Paula Padilha Cabral Falbo: Certamente sim, pois em 24/07/2024, o TCU publicou o Acórdão nº 1473/2024 – TCU – Plenário onde determina à Agência Nacional de Energia Elétrica que, dentre outras providências: (i)  apresente ao TCU, no prazo de sessenta dias, plano de ação contemplando as medidas acerca de aprimoramentos na fiscalização sobre o devido cumprimento e aperfeiçoamento da regulação relacionados ao artigo 28 da Lei 14.300/2022, e os respectivos prazos para a implementação; e (ii) conclua, no prazo de noventa dias, a Tomada de Subsídio 18/2023, o diagnóstico do tema e a avaliação da necessidade de aprimoramentos nos normativos que estão relacionados ao artigo 28 da Lei 14.300/2021 e, havendo a necessidade de aprimoramentos, incluir uma atividade na Agenda Regulatória 2025-2026, que tem previsão de conclusão no último trimestre de 2024.


– Em sua visão, essa questão traz risco para a continuidade ou para a atratividade do negócio de energia solar por assinatura?
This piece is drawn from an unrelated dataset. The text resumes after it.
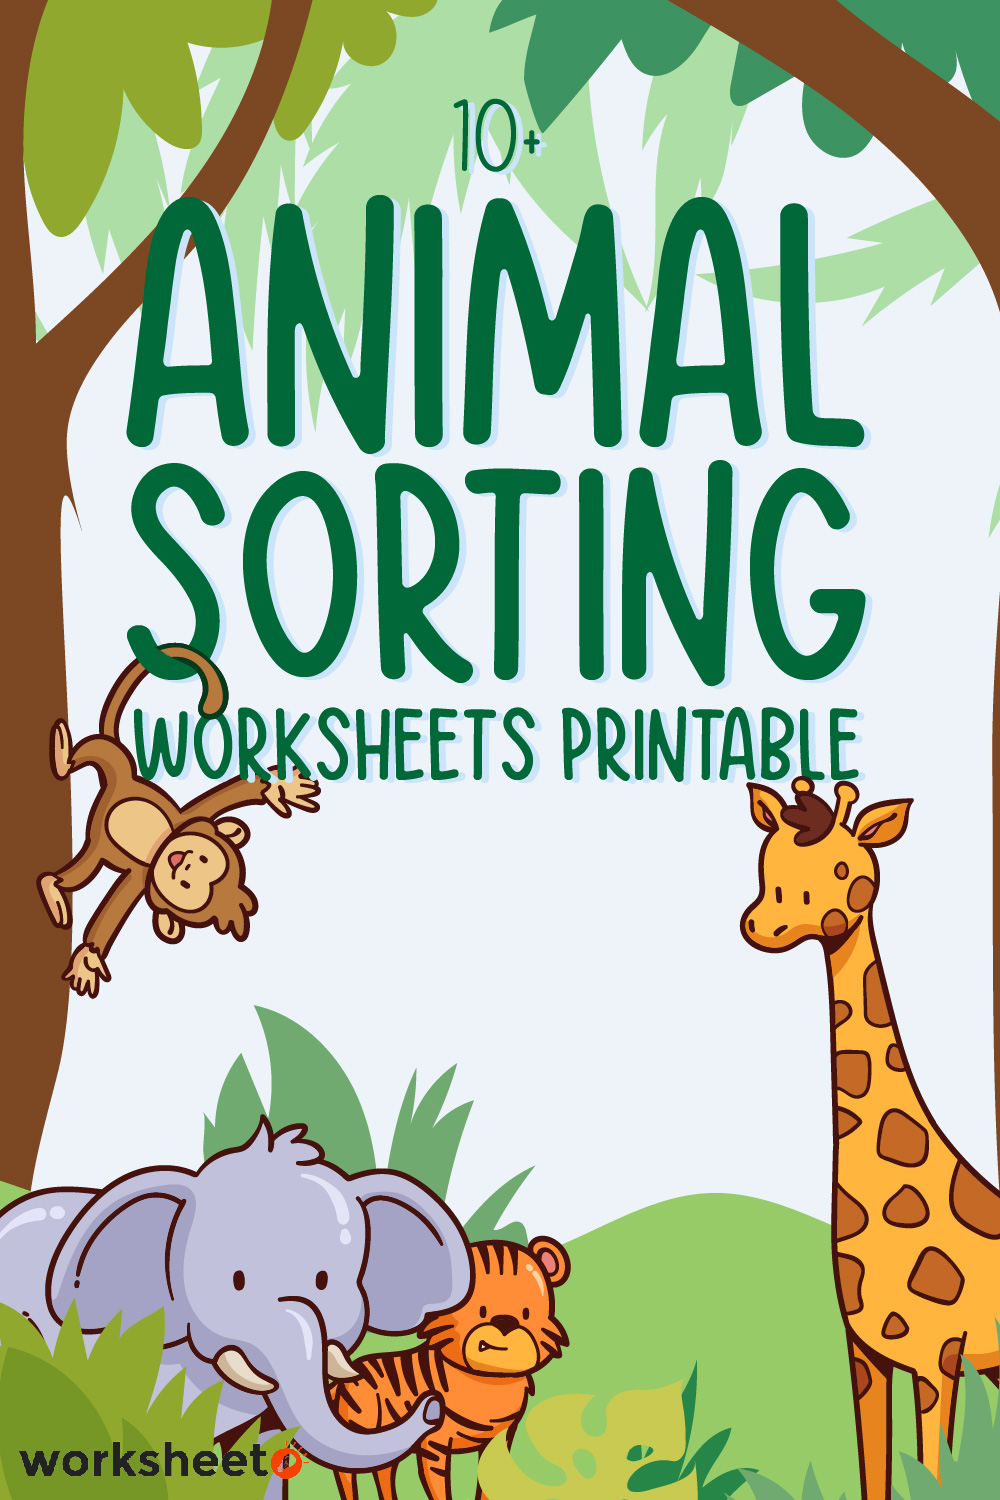 13 Images of Animal Sorting Worksheets Printable

Paula Padilha Cabral Falbo: Sim. Acredito que pode comprometer tanto a continuidade nos moldes hoje praticados, como também quanto a atratividade do negócio de energia solar por assinatura, principalmente se considerarmos pontos como a insegurança jurídica, o impacto na sustentabilidade do setor, o aumento da regulação e da fiscalização, a dificuldade na disponibilização de subsídios e os recursos públicos para o setor.